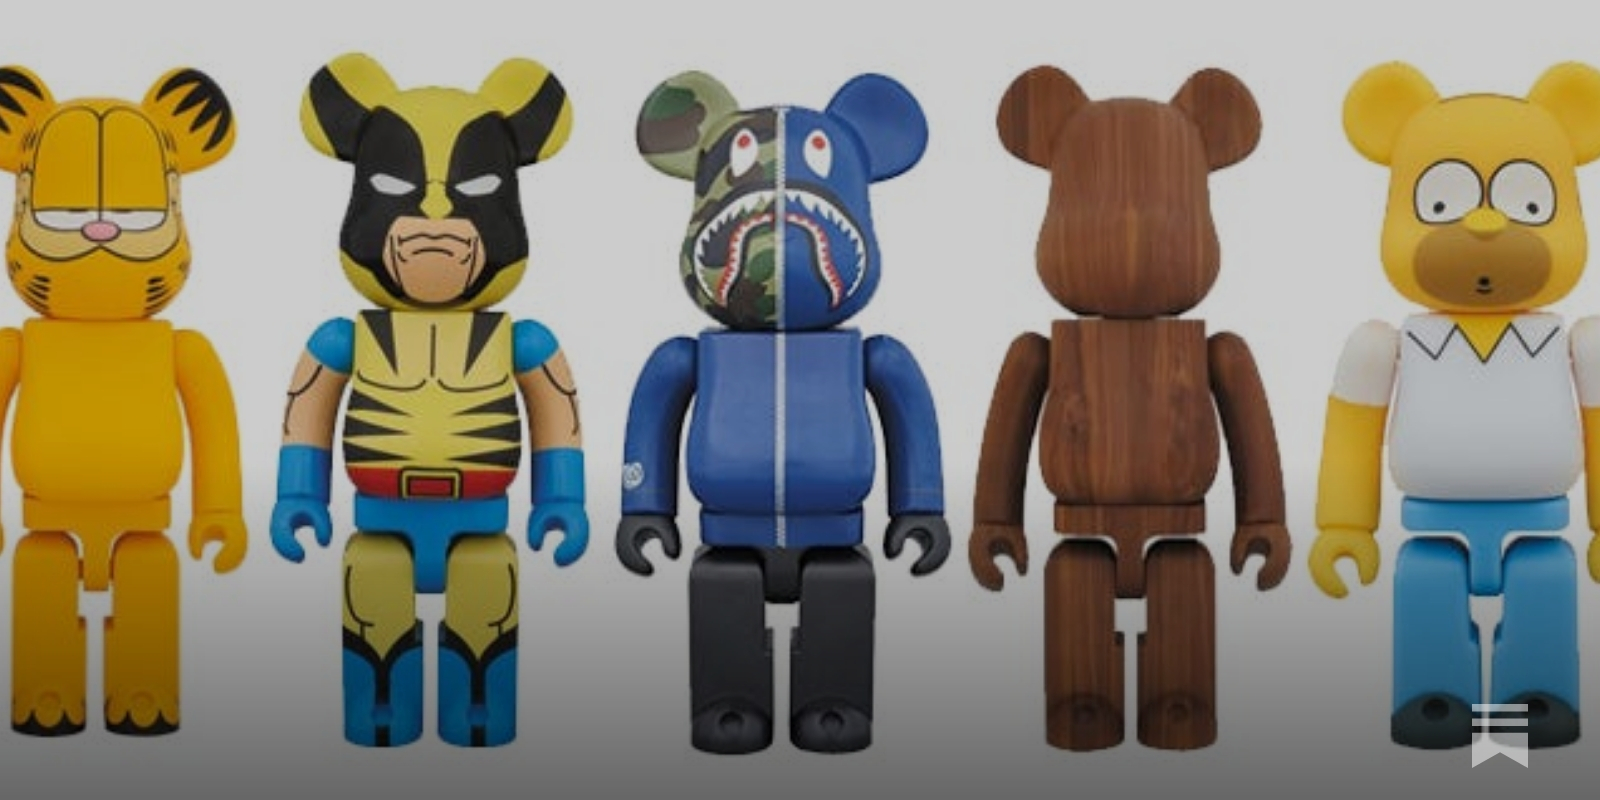 Are Bearbrick Figures Good Investment For Your Money?
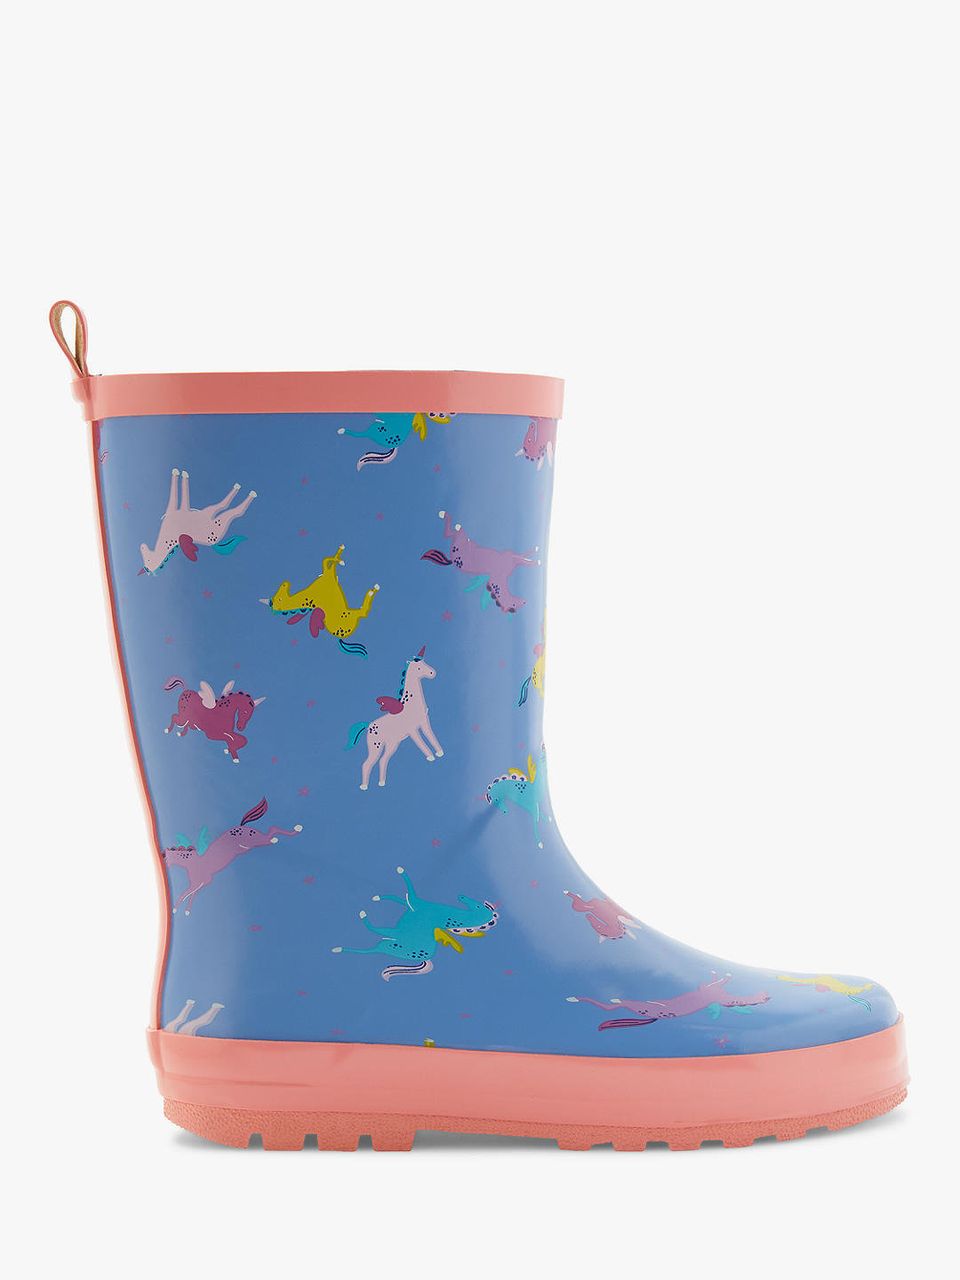 Window Shopping: 5 Puddle-Proof Kids' Wellies We Love | HuffPost UK Parents
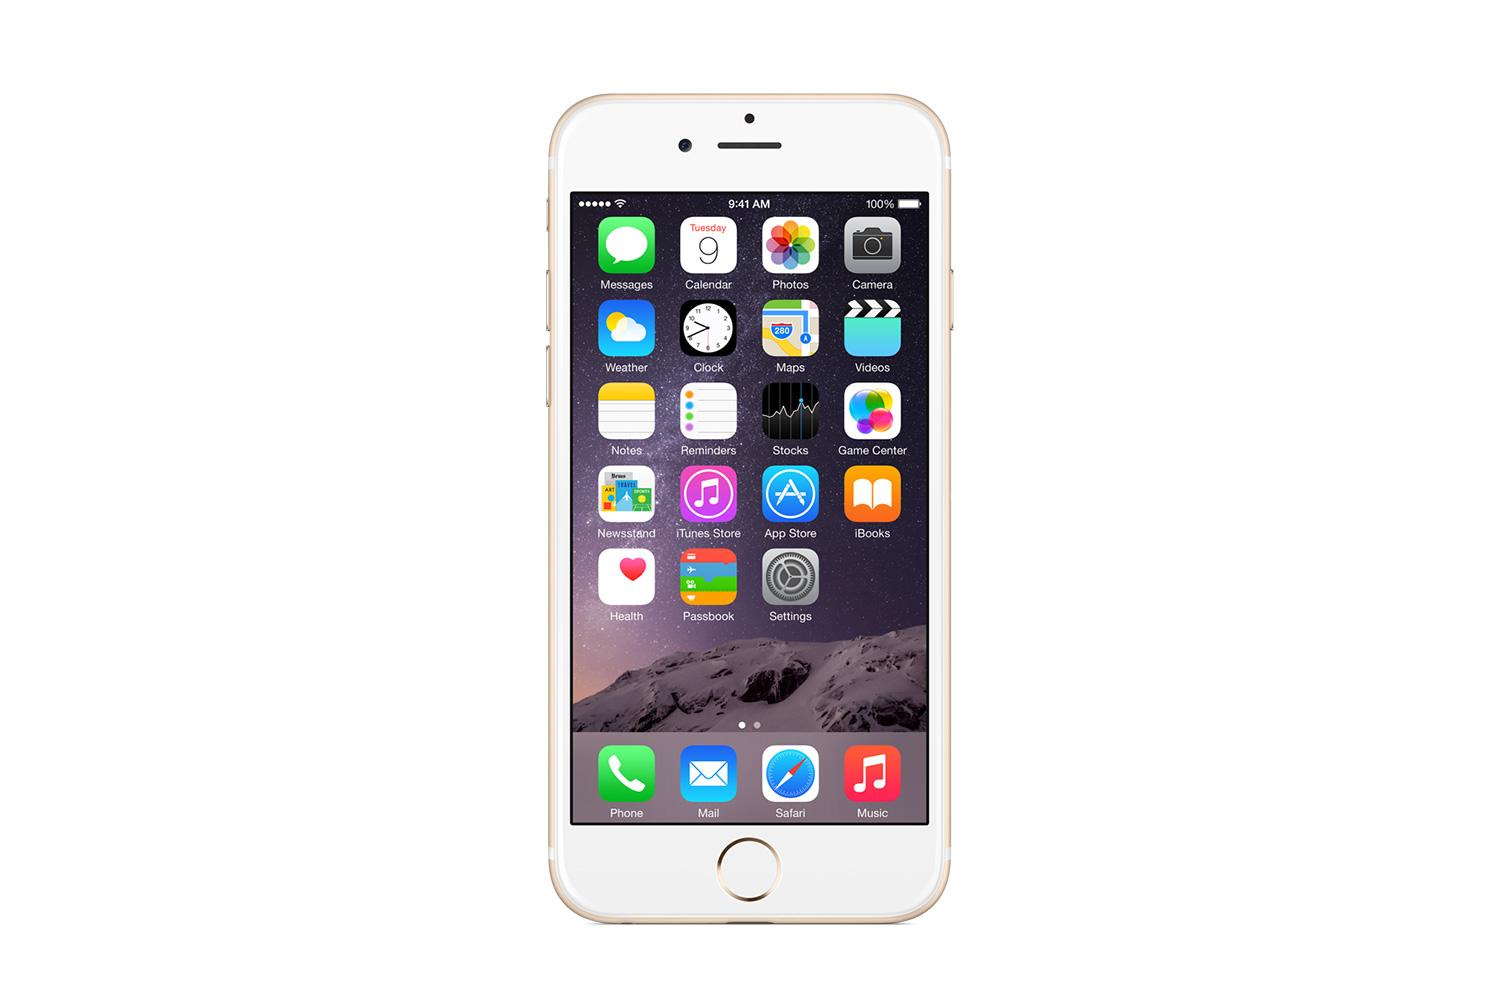 iphone 6 air features release rumors main
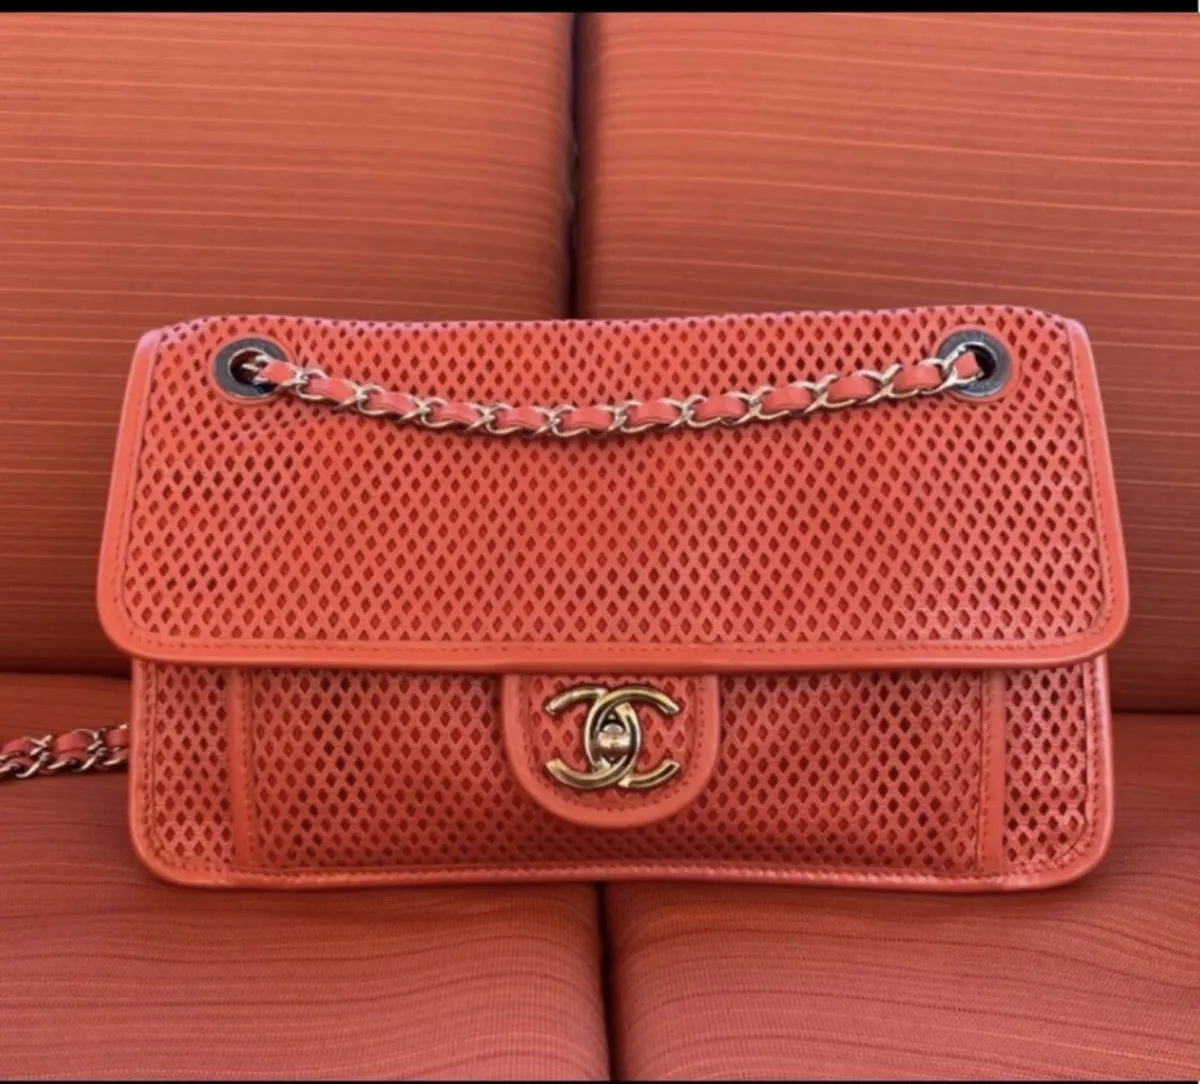 VERIFIED Authentic CHANEL Red Perforated Calfskin Leather Jumbo Flap Bag
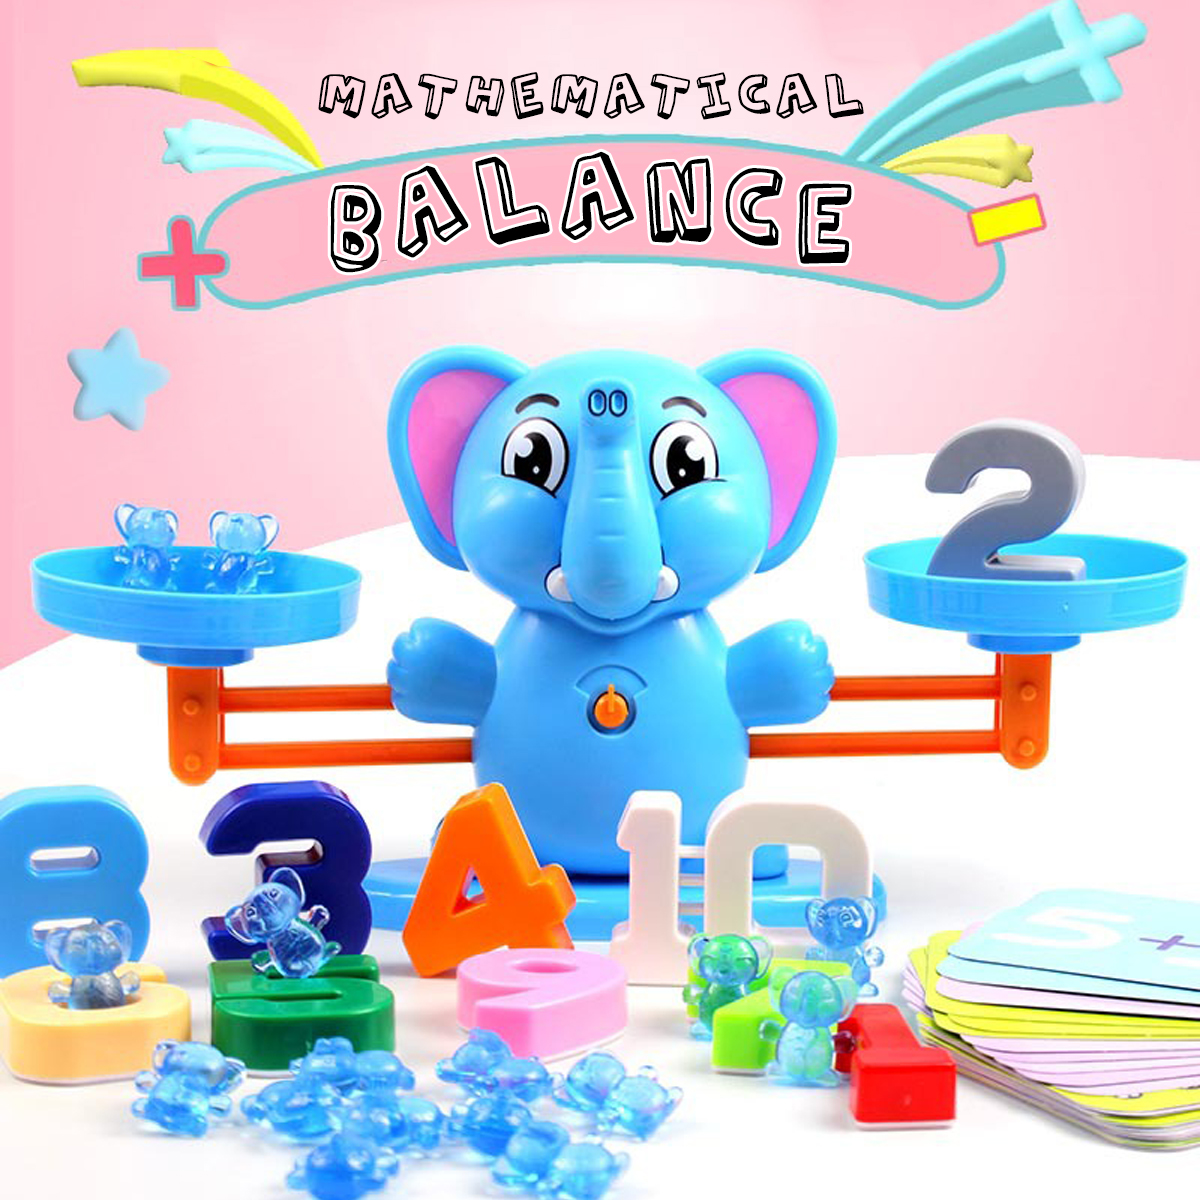 Math-Maths-Balance-Kid-Children-Toys-Educational-Counting-Learning-Game-Gift-1581032-1
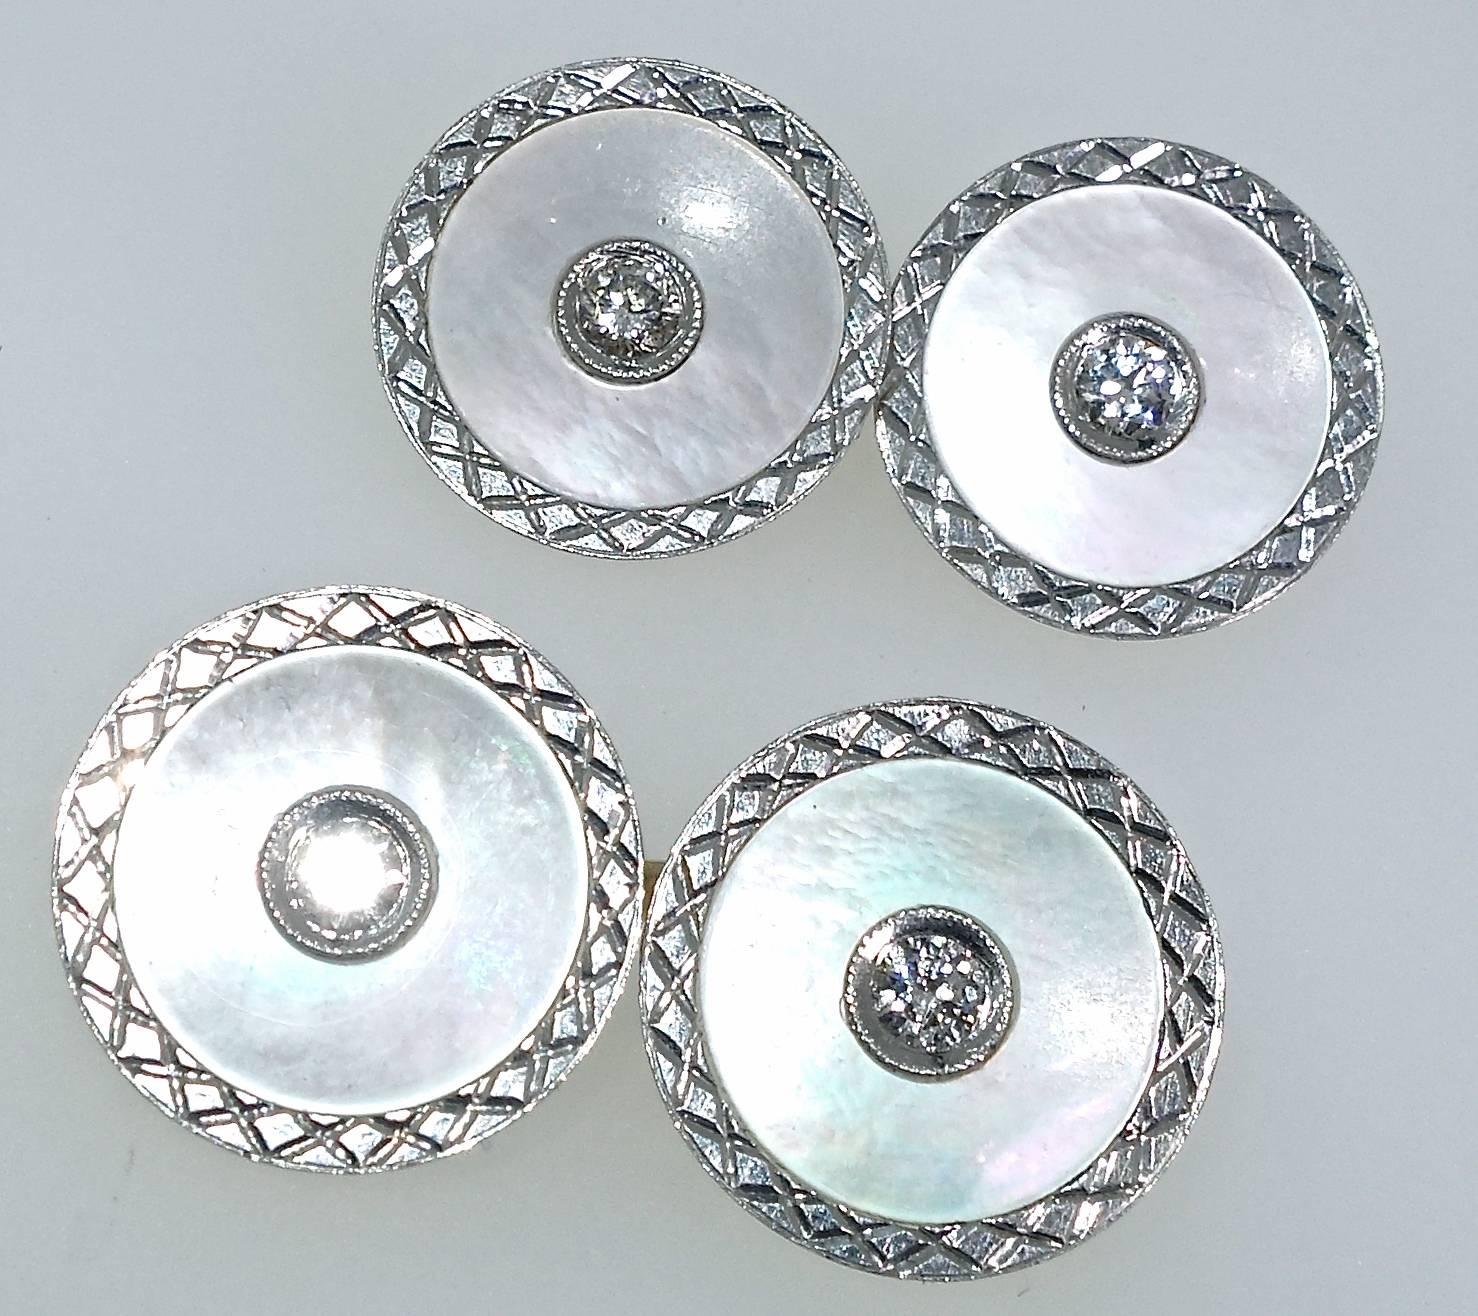 Art Deco platinum cufflinks with engraved edges surrounding white mother of pearl  and a bead set diamond in the center and backed with gold.  There are .33 cts. total weight of the white European cut diamonds.  Early Art Deco.

********************

Print out the whole of the material word for word, without pictures.

 Are Bearbrick Figures Good Investment For Your Money?
 Window Shopping: 5 Puddle-Proof Kids' Wellies We Love | HuffPost UK Parents
 iphone 6 air features release rumors main
 VERIFIED Authentic CHANEL Red Perforated Calfskin Leather Jumbo Flap Bag
 Math-Maths-Balance-Kid-Children-Toys-Educational-Counting-Learning-Game-Gift-1581032-1
 Art Deco platinum cufflinks with engraved edges surrounding white mother of pearl  and a bead set diamond in the center and backed with gold.  There are .33 cts. total weight of the white European cut diamonds.  Early Art Deco.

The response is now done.